Point de vue des développeurs : le ricanement du gobelin

Point de vue des développeurs : le ricanement du gobelin

« Whee-hee ! » C’est une réaction naturelle : dès que vous entendez ce ricanement haut perché, c’est plus fort que vous, il faut que vous trouviez d’où ça vient. En l’espace d’un instant, ce glapissement hystérique devient synonyme de montagnes de trésors. Et qu’importe le danger, vous trouverez ce précieux butin coûte que coûte ! À l’origine de cette montée d’adrénaline se trouve un simple son.

La conception sonore passe trop souvent inaperçue. Du choc des épées au bruissement des feuilles, en passant par le vrombissement mystique de la puissance arcanique, chaque bruitage de Diablo III a nécessité beaucoup d’attention et de passion. Pour vous donner une idée du travail qui se cache derrière ces sonorités, nous allons vous raconter l’histoire d’un des bruitages les plus emblématiques du jeu : celui du gobelin au trésor.


Le processus général

Qu’il s’agisse des cris des monstres ou des chocs des batailles, chaque bruitage passe par plusieurs étapes. D’ordinaire, les équipes responsables des graphismes et de la conception du jeu demandent des bruitages en fonction des besoins du jeu. Il peut s’agir d’un pouvoir légendaire ou d’un nouveau monstre nécessitant quelques borborygmes pour les combats, par exemple. Commence alors une phase d’expérimentation qui, pour notre équipe bien rodée, relève plus de l’instinct que de la procédure structurée.

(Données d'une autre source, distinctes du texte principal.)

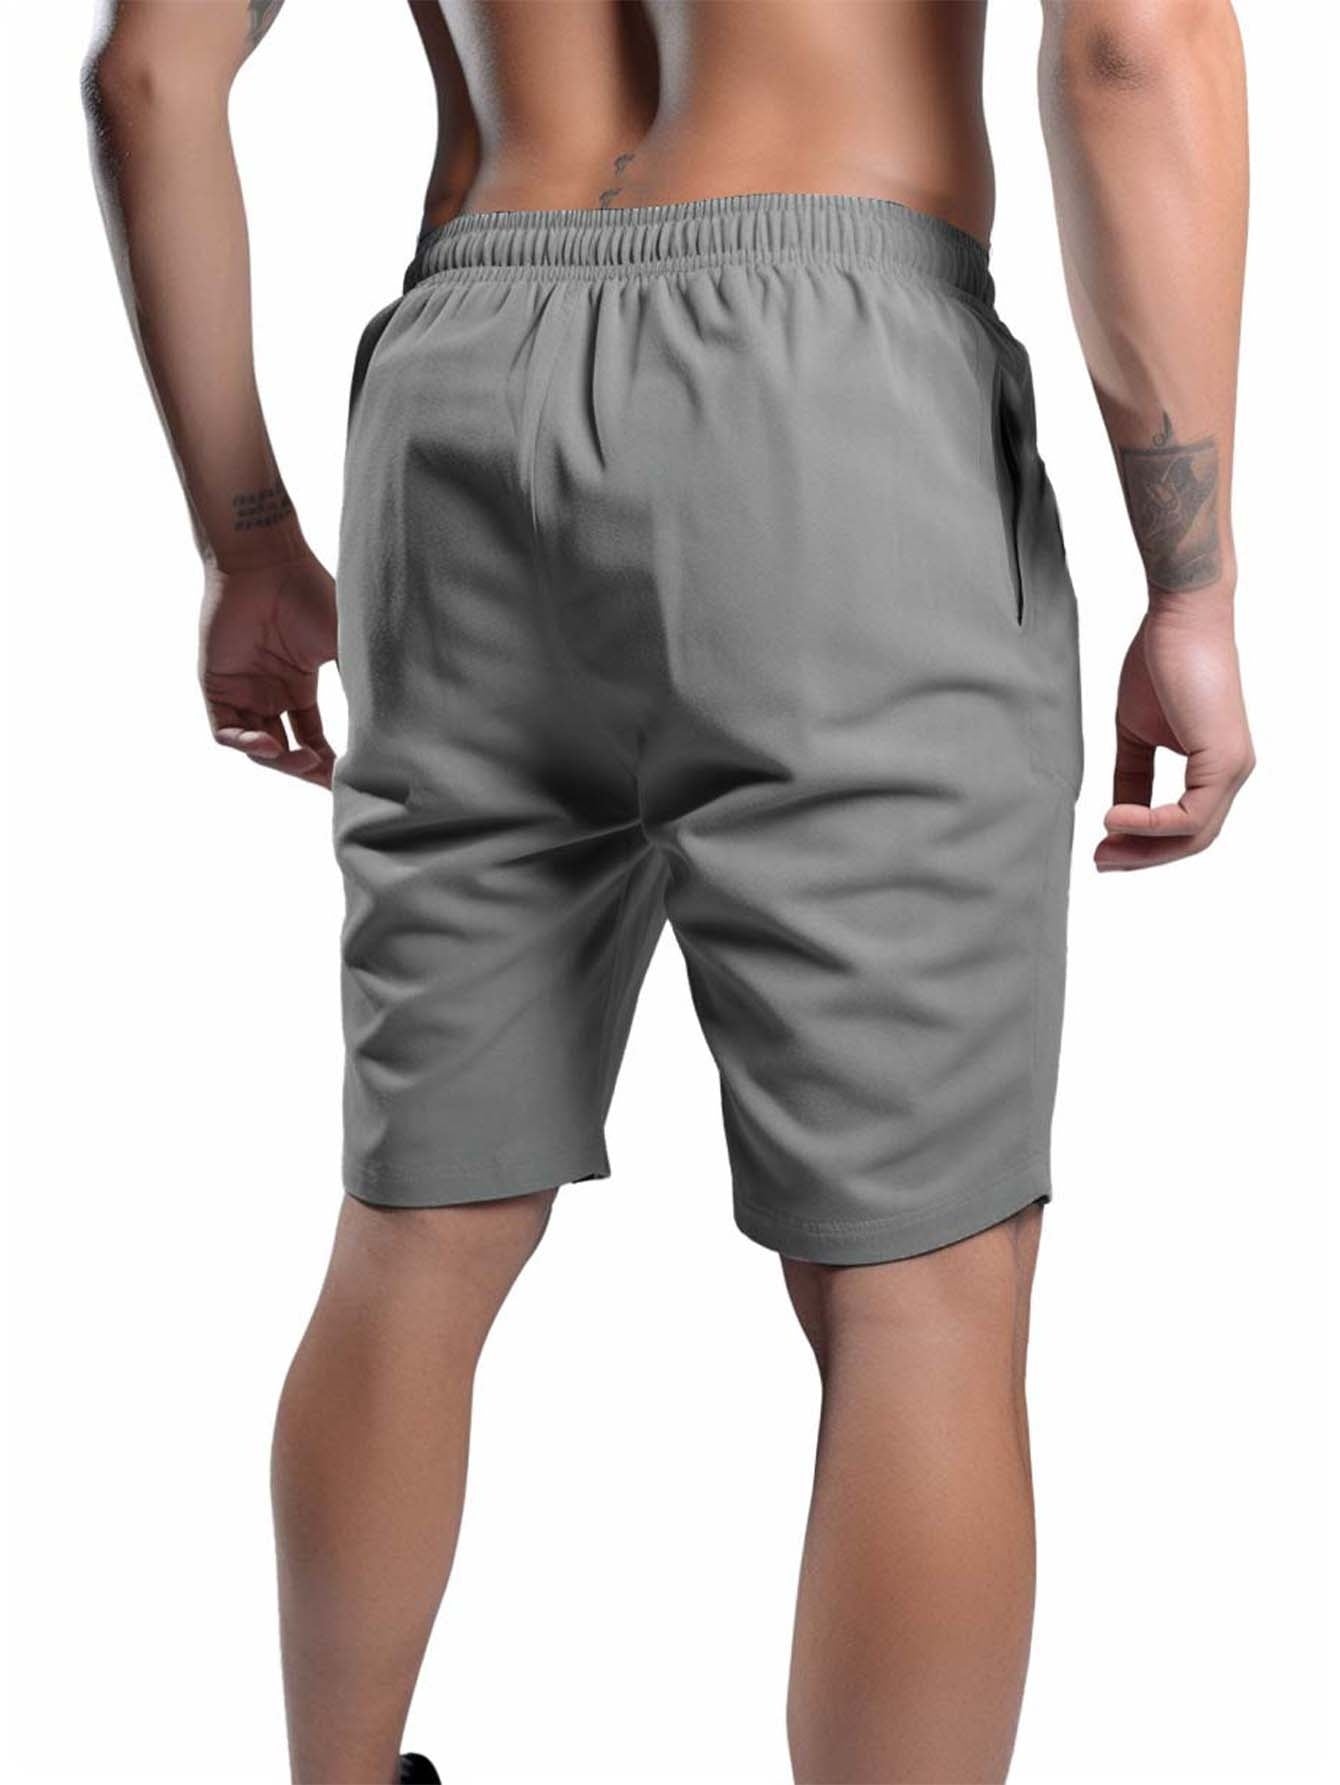 What God Knows About Me Is More Important Plus Size Men's Christian Shorts claimedbygoddesigns

« Avec les années, nous avons développé une telle confiance qu’en général, on se met directement au travail », explique Seph Lawrence, superviseur de la conception sonore, évoquant les douze années de travail qu’il a consacrées à Sanctuaire. Les tâches sont réparties entre les concepteurs sonores, et chaque artiste contribue individuellement à donner vie au jeu.

Si les approches peuvent varier drastiquement, le processus commence toujours par l’étude des éléments fournis par le reste de l’équipe de développement. Par exemple, pour créer les bruitages d’un monstre, mieux vaut commencer par étudier le contenu préexistant qui l’entoure, comme l’histoire, l’univers, les illustrations ou modèles 3D, ou encore ses capacités au combat. Pour déterminer les détails à privilégier, l’équipe pose de nombreuses questions : « Est-ce que le monstre est gros ? De quoi est faite cette créature ? Plutôt charnue ou osseuse ? Est-ce que le monstre crache des fluides ? Plutôt liquides ou visqueux ? À quoi ressemble son milieu ? » Les questions sont illimitées, mais il arrive que les réponses ne soient pas suffisantes, et les artistes doivent alors faire appel à leur imagination.


Réfléchir aux bruitages d’un ennemi permet de le voir sous un nouveau jour.

Le concepteur peut ensuite aller puiser dans une vaste bibliothèque d’effets sonores originaux pour les assembler, ou faire des enregistrements des sons nécessaires. Selon les cas, il peut s’agir d’effets sonores reproduits en studio ou d’enregistrements vocaux. Le plus souvent, c’est la combinaison de ces trois éléments, manipulés, superposés et mixés, qui crée un nouveau son unique et mémorable.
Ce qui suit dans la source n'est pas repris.